Topical anesthesia, 2% lignocaine hydrochloride gel (LOX-2%, Neon Laboratories, Mumbai, India), was applied using a small cotton pellet on to the mucosa. The patients were administered with 2% lignocaine in 1:80,000 dilution ratio of adrenaline (LIGNOX-2%A, Indoco Remedies, Mumbai, India), given as inferior alveolar nerve block, lingual nerve block, and long buccal nerve block for mandibular molars and buccal and palatal infiltration for maxillary molars. Using rubber dam application isolation, access was gained to canal orifices using #4 round bur and non-end cutting bur in high-speed handpiece. Using #10 size and #15 size K-file patency to canals was obtained. Pulp extirpation was done by using #15 H-files. Working length was estimated using radiographic method as described by Ingle. Normal saline 0.9% (Infutec NS, Infutec Healthcare Ltd., Indore, India) was used in-between filing in order to irrigate the root canals. EDTA (Prime Dental RC Help EDTA Gel, Thane, India) was coated onto the files before placing in the canal. The root canals were enlarged using #35 K-file till working length. A 3% dilute sodium hypochlorite (Prime Dental Products Pvt. Ltd., Thane, India) was used for irrigation and normal saline alternatively. The canals were completely dried using paper points and were obturated as follows:

Group A: Modified disposable injection technique (Fig. 2) was used as described by Nagarathna et al. in 2018.12 Rubber stopper was kept at 1 mm less than predetermined working length to the syringe loaded with curcumin and calcium hydroxide paste. The tip was placed inside the canals till the resistance was present. The material was pushed into the canals and simultaneously the tip was withdrawn from the canals. At the end, moist cotton pellet was used to push the material further into the canals.
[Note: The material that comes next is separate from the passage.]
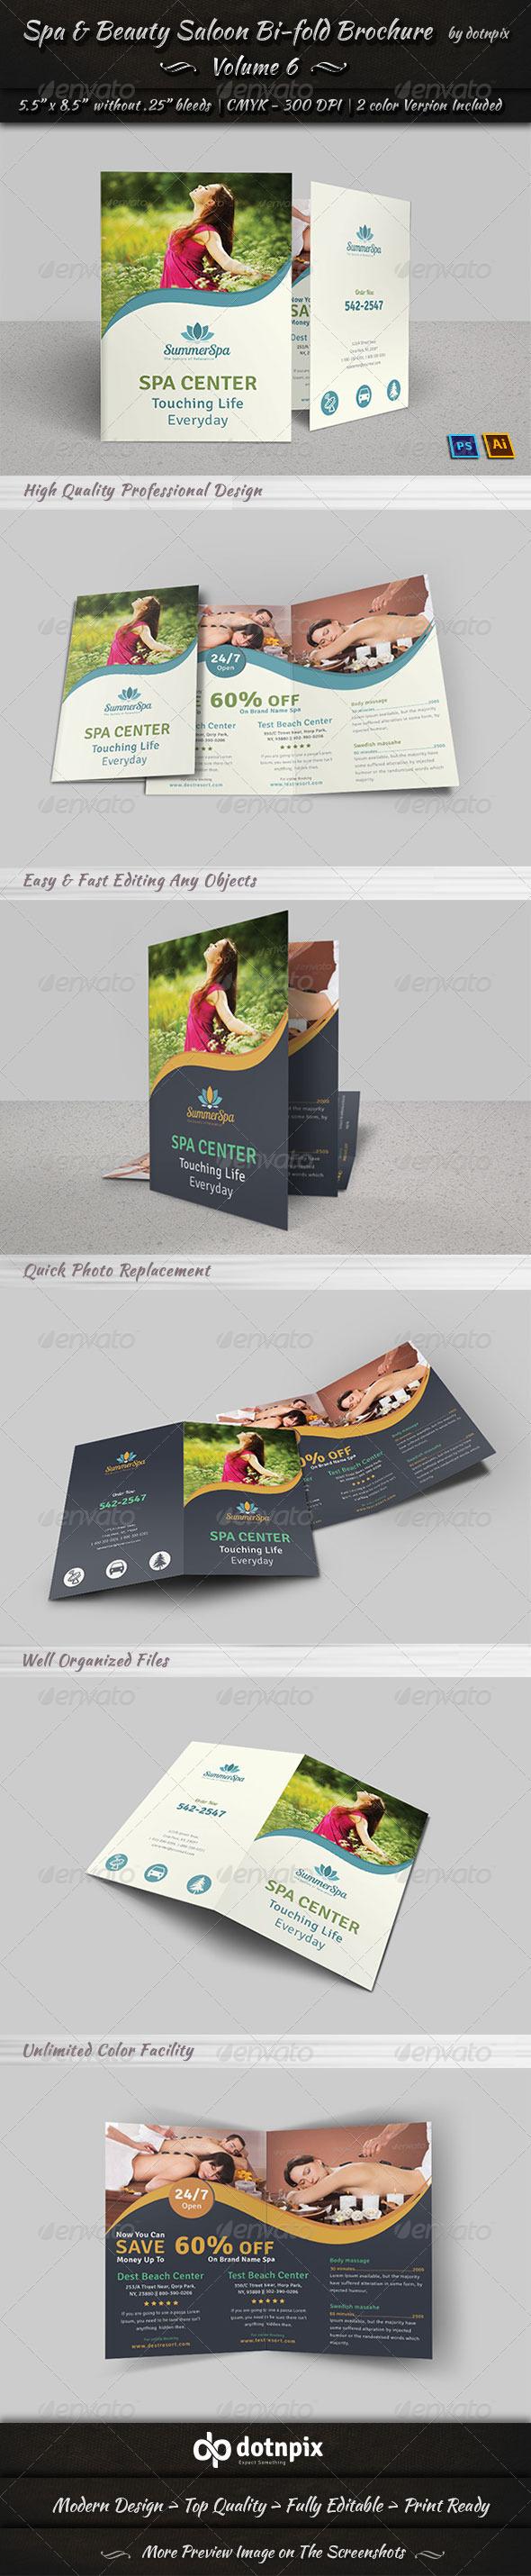 GraphicRiver Spa & Beauty Saloon Bi-fold Brochure Volume 6 7874093

Fig. 2: Modified disposable injection technique

Group B: Similar technique was employed with curcumin-loaded syringe.

Group C: Apexcal (Ivoclar Vivadent) was used to obturate the root canals. The paste was dispensed as instructed by the manufacturer. The tip was placed in the canals till there was resistance and the material was pushed into the canals.

Group D: Metapex (Meta Biomed) was used to obturate the root canals as per manufacturer’s instructions. All the canals were filled independently after which moist cotton pellet was used to push the material further into the canals.

Radiographs were taken to confirm the optimal fill of the obturation. All the samples were restored with Type II Glass ionomer restorative material (GC Gold Label 2 Glass Ionomer, GC Manufacturers, GC Corporation, Tokyo, Japan). If asymptomatic, the teeth were restored with stainless steel crown at 10 days. The patients were recalled at time intervals of 1 month, 3 months, and 6 months for review. The teeth were evaluated for clinical and radiographic success by an examiner who was not involved in the study using the following criteria as mentioned Subramanium P et al.10

Criteria for Clinical Success

  • Teeth should present with no gingival swelling.

  • No sinus opening in the oral mucosa or purulent exudates oozing from the gingival margin.

  • No abnormal mobility.

  • Absence of pain on percussion/tenderness.

Criteria for Radiographic Success

  • No evidence of extensive pathologic root resorption/internal root resorption

  • Reduction or no change in preoperative pathologic inter-radicular and/or periapical radiolucency

  • No evidence of development of new postoperative pathologic radiolucency involving the succedaneous tooth germ

Based on the above-mentioned criteria, the success or failure of each tooth was recorded. The presence of any clinical sign was considered as clinical failure and presence of any radiographic sign was considered as radiographic failure (Flowchart 2).

Flowchart 2: Consort flow diagram


The data was analyzed with IBM SPSS statistics software 23.0 Version. To describe about the data, descriptive statistics such as frequency analysis and percentage analysis were used. Chi-square test was used to find the significance in categorical data. The probability value ≤0.05 was considered as significant.

At 10 days recall, three samples from group B did not report and were excluded from the study. Another three samples from the same group had dentoalveolar abscess and were considered as failure. The success rate of group B was 76.9% at the end of 10 days. Group A, C, and D had showed 100% success rate. This finding was statistically highly significant ( p = 0.009).

The 1st month recalls had showed two samples from group A with pain on percussion and gingival swelling and were considered as failures. The success rate of group A was 87.5% at the end of 1 month while success rate of group B, C, and D remained at 76.9%, 100%, and 100%, respectively. The finding was not statistically significant with p value 0.07.

At 3 months recall, additionally two samples from group B reported with pain on percussion and gingival swelling and were considered as failures. The success rate of group B was 61.5% at the end of 3 months. Groups A, C, and D showed 87.5%, 100%, and 100%,respectively. The finding was highly statistically significant (p = 0.004).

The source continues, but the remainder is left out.